The Christian Science Monitor looks at the Roosevelt Administration's relation with the six-month old 78th Congress, considerably more conservative than its predecessors during the height of the New Deal era. Now, the President was more cautious in advancing any extension of the social agenda, aware that the mood of the Congress was to cut back agencies and programs, not foster more or increase funding to those already in existence. The recent de-funding of the National Youth Administration and the severe curtailment of the Farm Security Administration plus the significant reduction of funding to both the Office of War Information and the Office of Price Administration stood as visible examples of this new congressional frugality.
Too, the President's attention was primarily constrained to the war, not domestic issues, which by natural processes, therefore, meant less intense stress on areas of social reform.

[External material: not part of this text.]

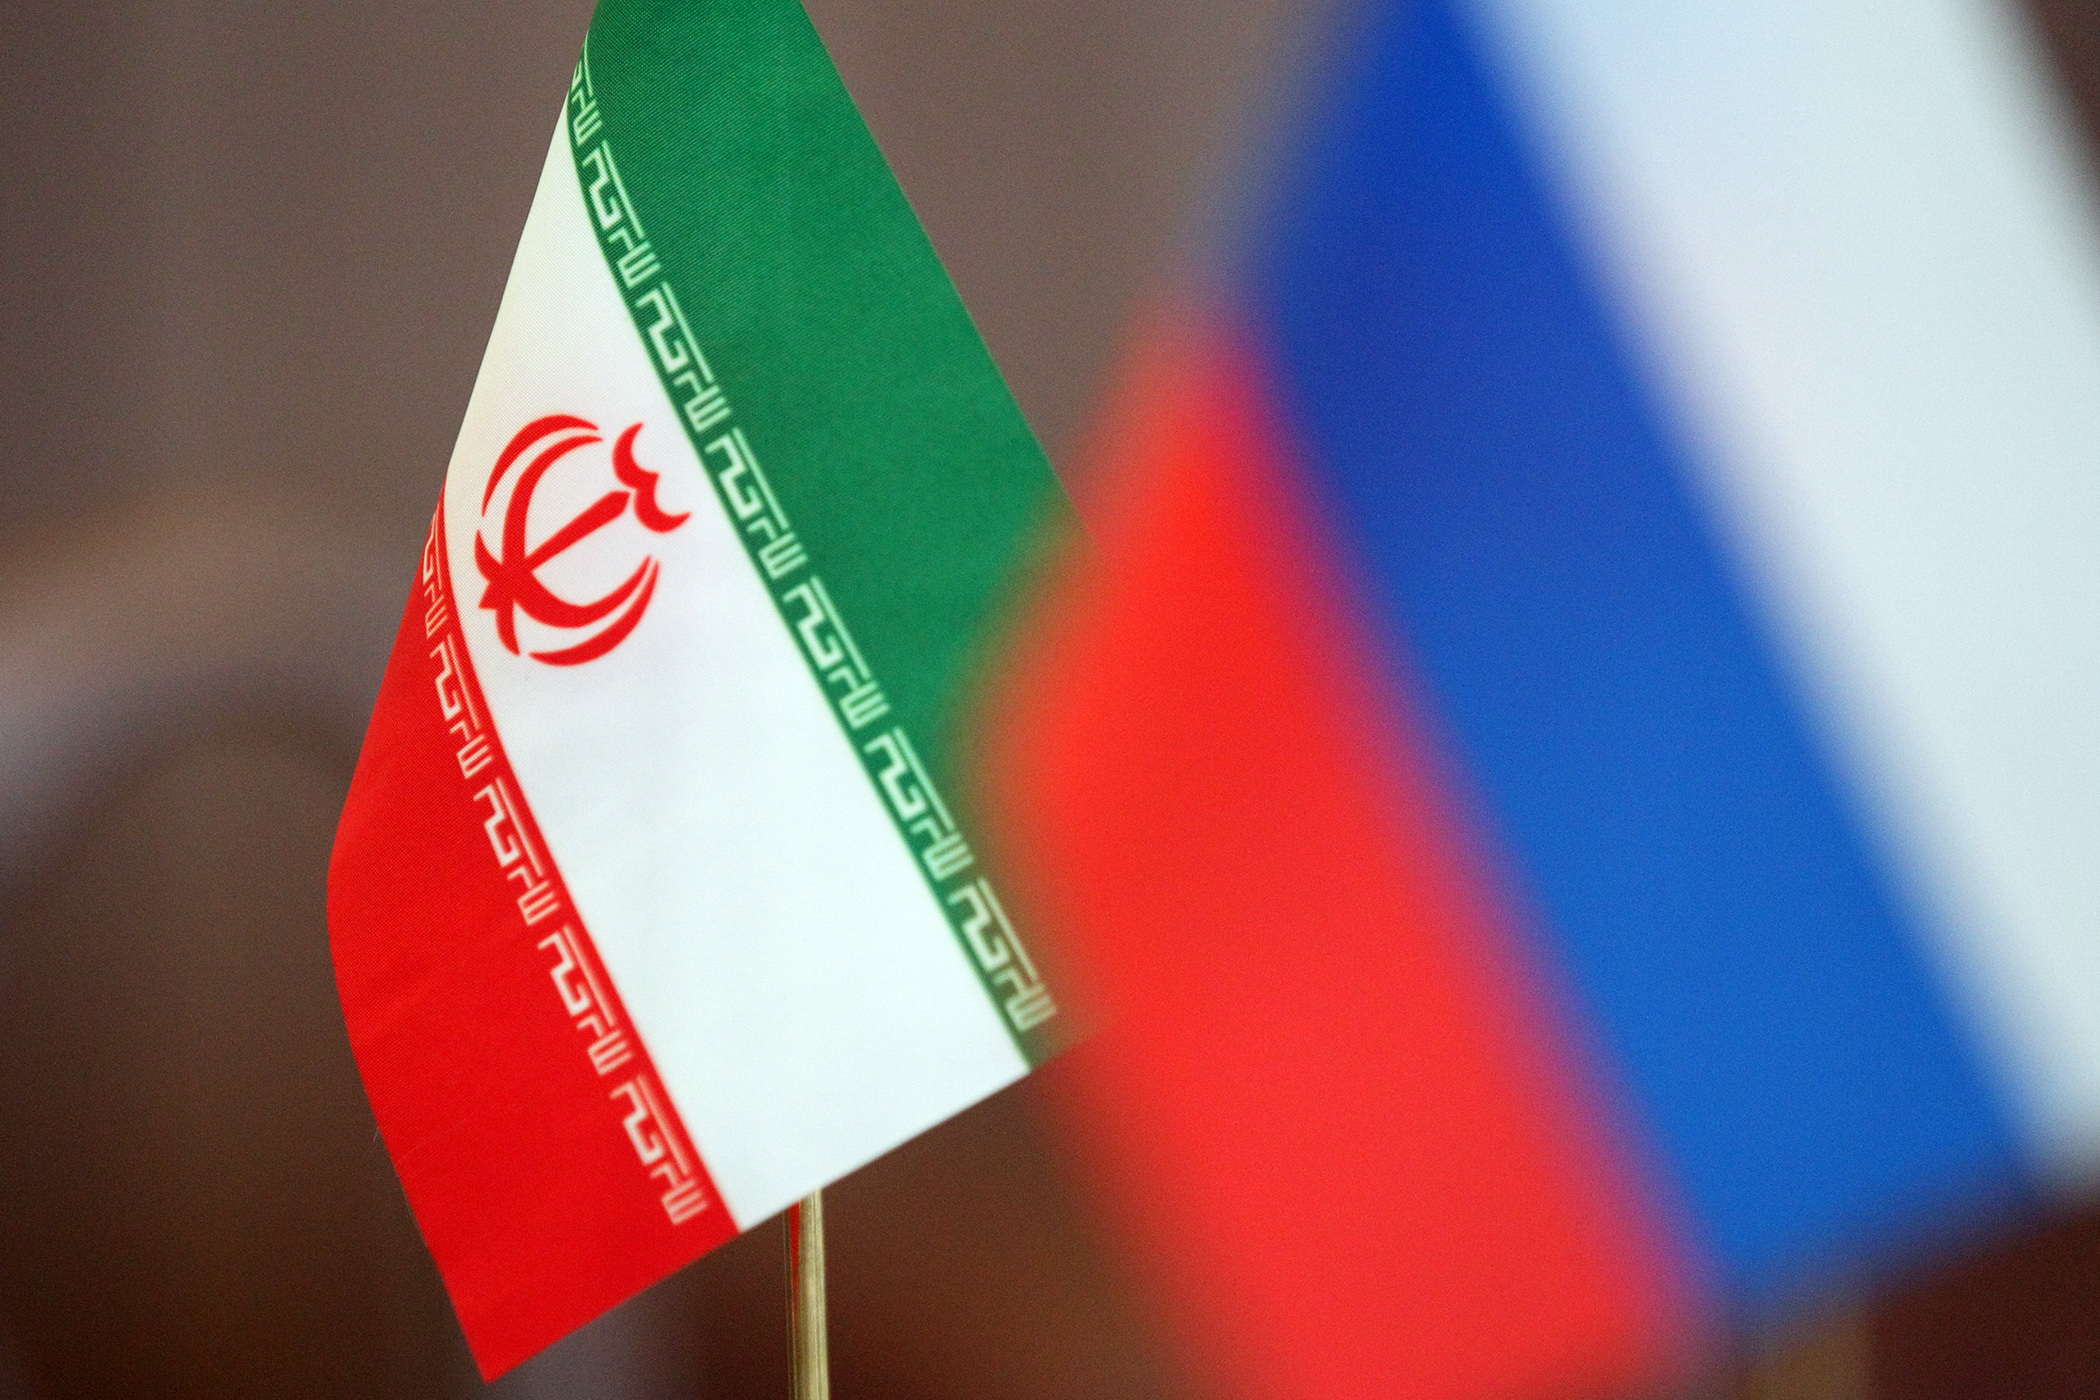 Milliyet. Իրանը՝ ՌԴ-ի տարածաշրջանային մրցակից

His political capital with the new Congress was not without some strong measure of remaining grace, but it was exerted with more restraint than in the past, with his weight behind having the Congress advance the war effort, largely not denied him thus far.
Dorothy Thompson, reading a piece appearing in the Scripps-Howard papers written by Senator Harry Flood Byrd, decrying the extension of government bureaucracy since World War I, finds his attitude woefully atavistic to a time when the world was much smaller and two oceans apart from the rest of it significant.
She argues that in order to rebuild Germany and Japan after the war, it would take many government agencies and hands, that the call would be for bigger government, not smaller. She thus wonders aloud whether the country, just as it was beginning to see signs of victory, was not also beginning to lose its grip on the future world.
"Somewhere, perhaps, there is an American, whose great role it will be to recall us to ourselves. Let him know that the moment has come for him to speak."
Some might say that this American was Harry Truman. Others might venture that it was Dwight Eisenhower. Still others would find it to be without doubt John Kennedy or Martin Luther King.
One thing is perfectly clear, however: It was not him.
You know who we mean.
"It's Treason" lightly examines Governor J. Melville Broughton’s proclamation against loafing in wartime, finds it to be such a tried and true occupation among "Carolinians" (presumably being inclusive of North and South) that no proclamation against it would likely do much to stem the tide inherent in generations of practice at the art of hidebound indolence.
Cash had once reviewed a whole book on the subject of the half-loaf, in December, 1939, and without getting beyond the title page; as well earlier, just after starting as a regular editorial writer for The News, in November, 1937, as he looked at the subject through the lens of Christopher Morley's self-described tendency to linger for long over the writing of one book as a precondition for its quality. This focus by Cash was by way of long having admitted himself to have been guilty of the preference for sublime, supine idlesse over the rigors of laborious vigor.
Yet, of course, Cash was hardly the lazy fellow he proclaimed himself to be, at least judging by his unrelenting output during the 1930's, being one of those primary contributors to the flow of self-criticism which Fortune bespoke as the turning point of the Southern determination to do better.
But, naturally, that entailed thinking and, to some, the luxury of lassitude was to allow the devil of thought, which led in turn to Treason.
And remember to bring your old records in to Ivey's so they can make new ones from the old ones. But, for goodness sakes, no cardboards, please.